意外と知られていない?柿の葉寿司の発祥と由来

お寿司のこと

奈良県の名産寿司として有名な「柿の葉寿司」。駅弁や贈り物などで、全国の方々に広く知っていただけるようになりましたが、なぜ、海のない奈良県でお寿司が名産となったのでしょう?意外に、柿の葉寿司の歴史については知らない方も多いのではないでしょうか。

今回は柿の葉寿司の歴史について、発祥やその由来などをまとめました。

柿の葉寿司はいつ誕生した?

柿の葉寿司はいつから食べられていたのか。その起源ははっきりとわかっていません。

ですが、柿の葉寿司の誕生に大きく関わっているのが「もう一つの鯖街道」です。

紀伊半島にもあった鯖街道

「鯖街道」と聞いて思い浮かべるのは、福井と京都とを結ぶそれではないでしょうか。実は、紀伊半島にも「鯖街道」があったのです。

紀伊半島沖の熊野灘で水揚げされた鯖は、熊野(三重県)や新宮(和歌山県)から北に向かった行商人たちの手によって、奈良・吉野地方の村々で売られました。
その有力なルートの一つに「東熊野街道」があります。熊野を出発し、「ゐざさ」が創業した奈良・上北山村、川上村を抜け、吉野町方面へと進みます。

今のような冷凍技術が無い時代。水揚げされた鯖はすぐに塩を施され、腐らないようにしました。その鯖を行商人たちが売り歩く間に、塩がなじみます。
吉野の村の人たちは、それを薄くスライスし、酢飯の上に載せて、手近にあった柿の葉で包み、木箱に敷き詰め、重石を置いて、押しを効かせる。そうやってできたのが「柿の葉寿司」です。

では、行商人たちはなぜ、はるばる奈良まで来てさばを売り歩いたのでしょう?

諸説ありますが、江戸時代に紀州の殿様が熊野の漁師に重い年貢を課し、その金策として吉野で鯖を売るようになったというのが定説になっています。

ごちそうだった柿の葉寿司

海の幸が貴重な山村で、柿の葉寿司は、保存食でした。作ったお寿司は数日熟成させて食べます。特に、夏祭りなどの「ハレの日」のごちそうとして食されていました。

鯖を美味しく食べるために考えられた柿の葉寿司ですが、今では、ネタのバリエーションも増え、一年中美味しく食べられるようになりました。

「ゐざさ」では定番の「さば」「さけ」のほかに、「あじ」「たい」「えび」をご用意。加えて、季節ごとに様々なネタを展開しています。

柿の葉で包むという発想

日本には、「葉っぱ」で包んだお寿司というのは各地にあります。有名なのは、北陸の「笹寿司」。ちなみに、形は違えど、石川県や和歌山県でも「柿の葉寿司」は存在します。

奈良は柿の一大生産地。手近に柿の木がたくさんあったのは想像に難くありません。ですが、いつ、なぜ柿の葉で包むようになったのかは定かではありません。

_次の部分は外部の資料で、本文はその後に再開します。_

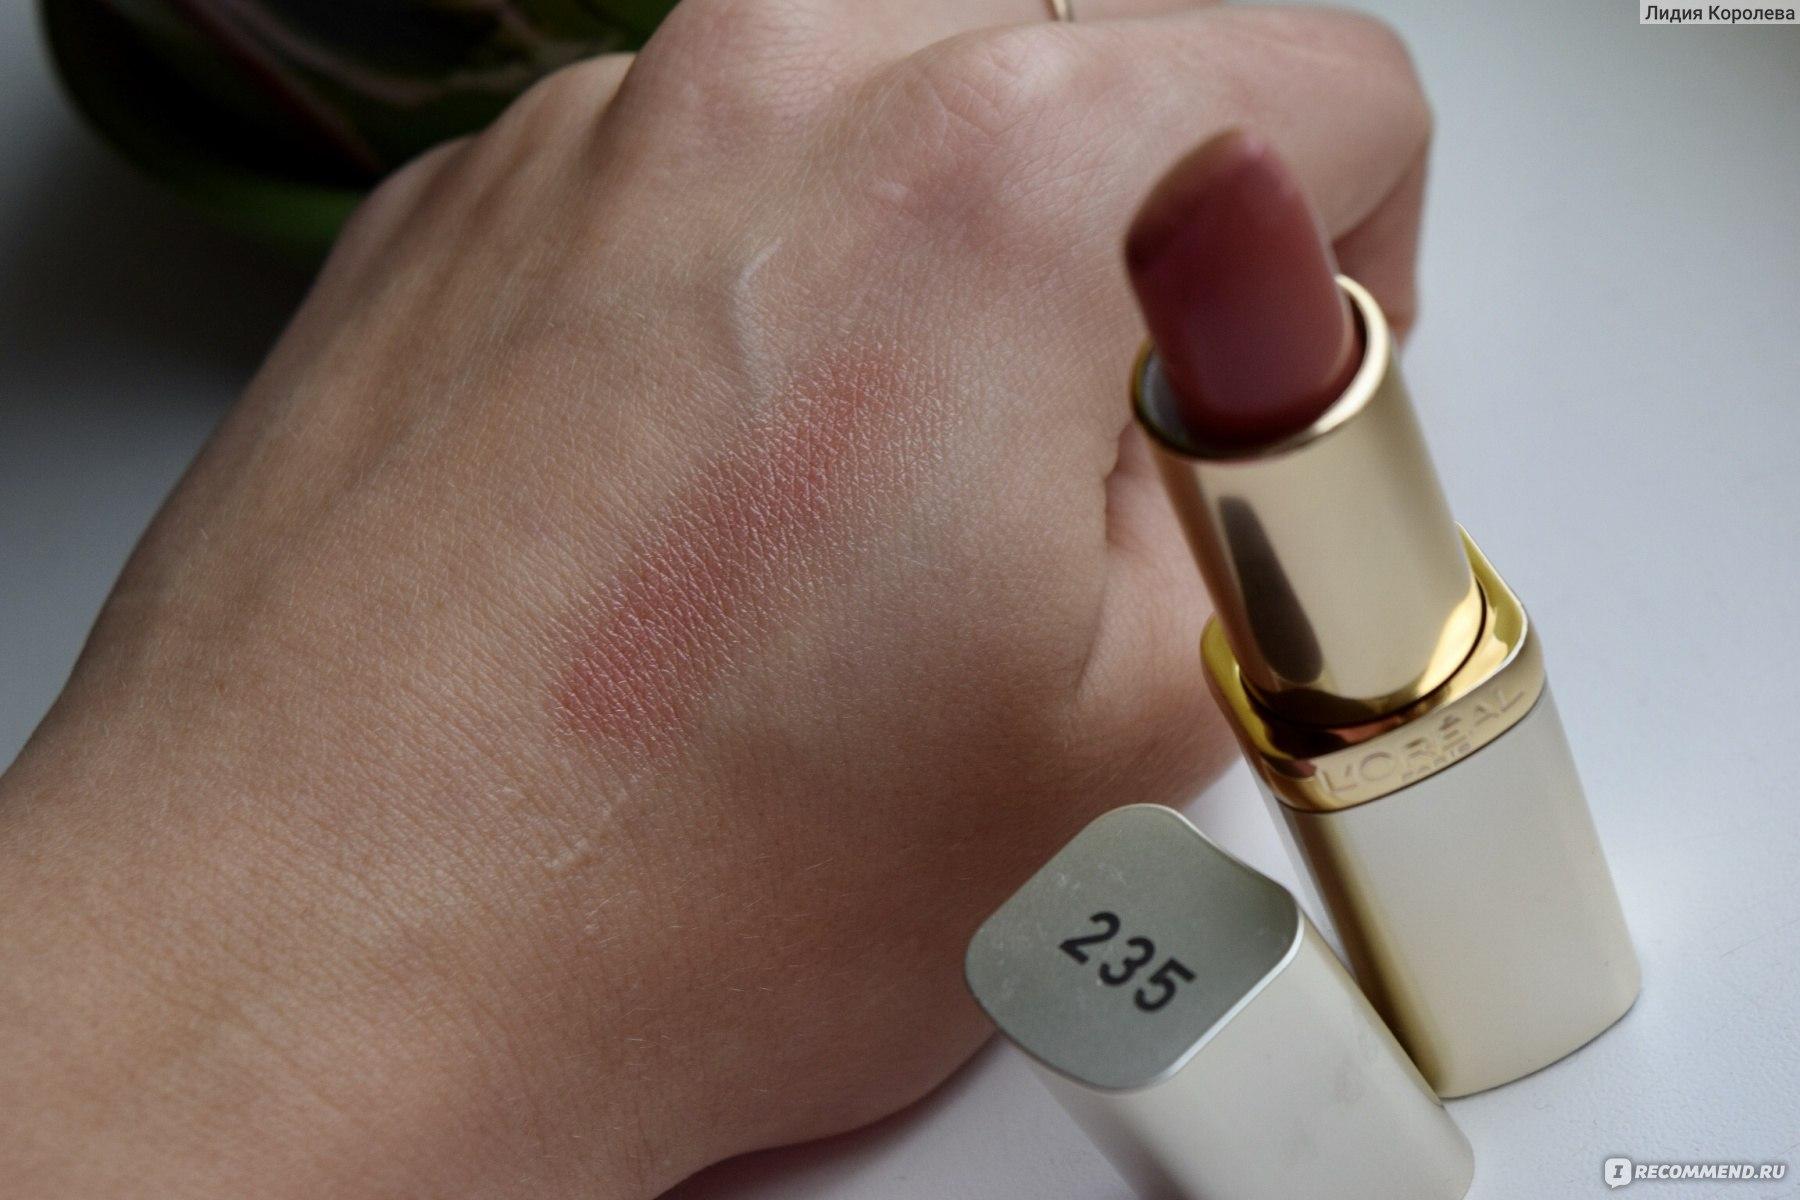 Матовая помада лореаль колор риш (loreal color riche) – палитра оттенков для губ и отзывы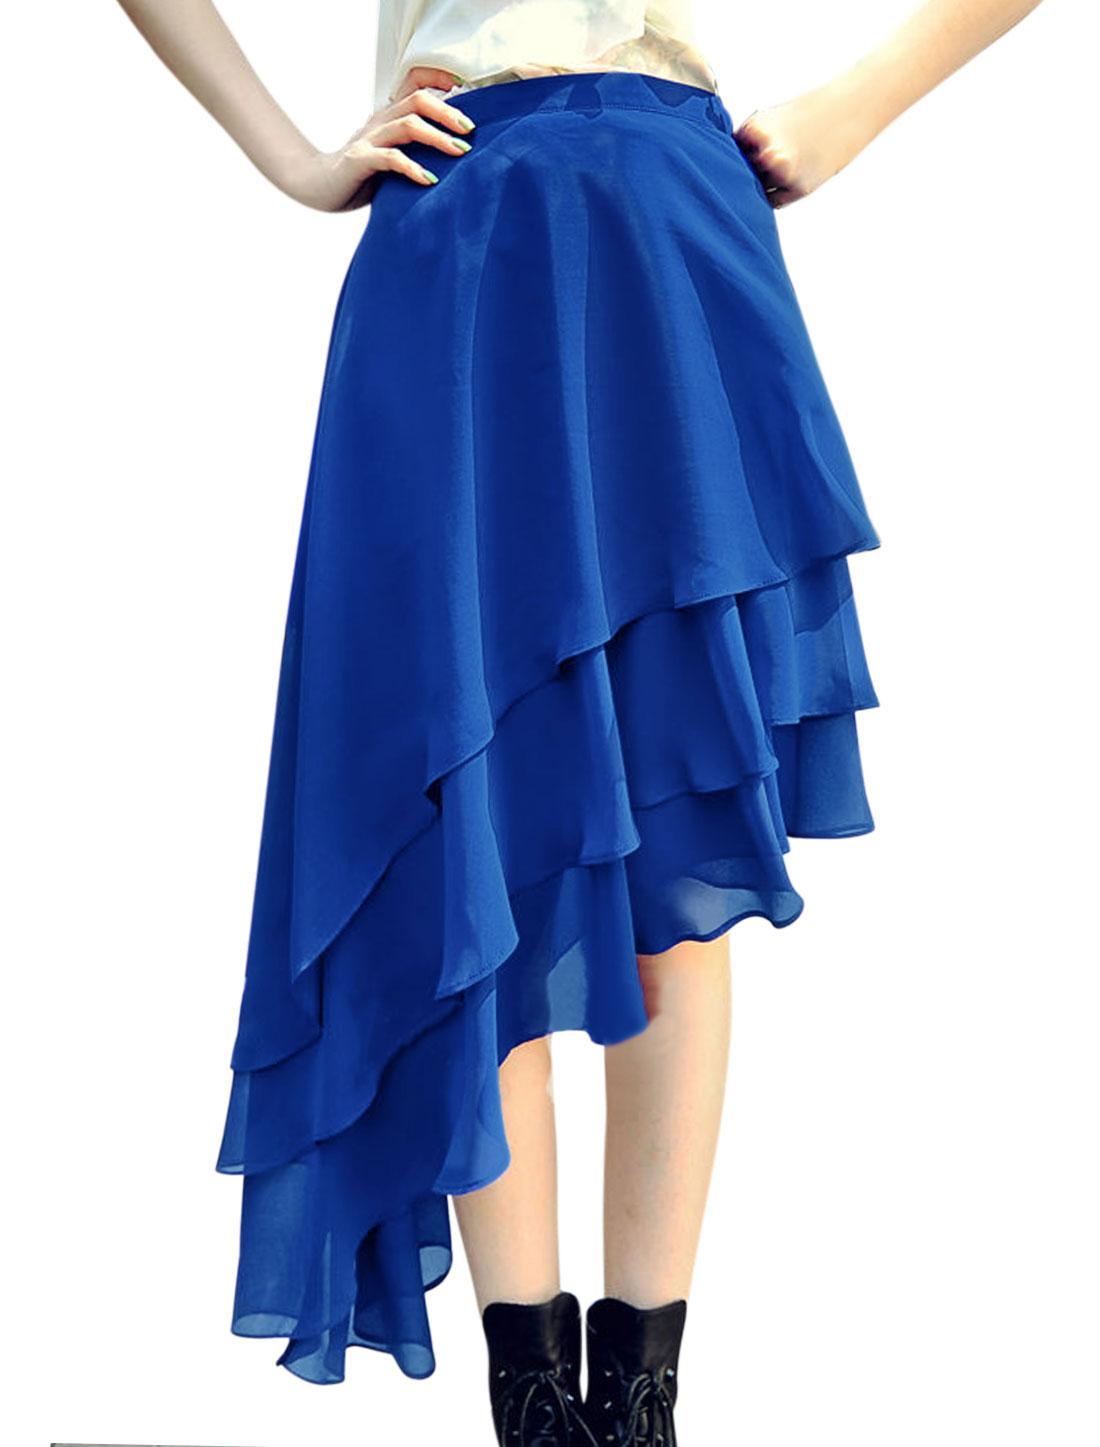 Women Elastic Waist Band Asymmetric Hem Chiffon Tiered Skirt Blue S

ですが、柿の葉には「タンニン」という成分が含まれており、防腐作用があります。山深い山村で、少しでも美味しく食べるには、これほど適したものはありませんが、当時の人たちはそんなことは知らなかったはず。
もしかすると、柿の葉を使うことで腐りにくいことに気づき、柿の葉が魚臭さも消してくれる。「これはよい!」となったのかもしれませんね。

最後に

今回は柿の葉寿司の歴史について、調べてみました。まとめると、

・柿の葉寿司の発祥は定かではない。
・しかし、紀伊半島にあった「もう一つの鯖街道」が重要な役割を果たした。
・その街道を通じて、熊野灘で獲れた鯖が吉野の山村に運ばれ、柿の葉寿司が誕生した。

ということですね。

鯖とシャリと柿の葉というシンプルで、どこか朴訥とした姿の柿の葉寿司ですが、この三位一体となった味わいは、他には見出すことができない郷土の料理だと思います。

いつ誕生したのか、その起源は定かではありませんが、少なくとも300年以上前の人たちの知恵が詰まったお寿司。

今度、柿の葉寿司をお召し上がりになるときはぜひ、ご紹介した歴史を思い出しながら食べてみてください。いつもとはちょっと違う、味わいになるかもしれません。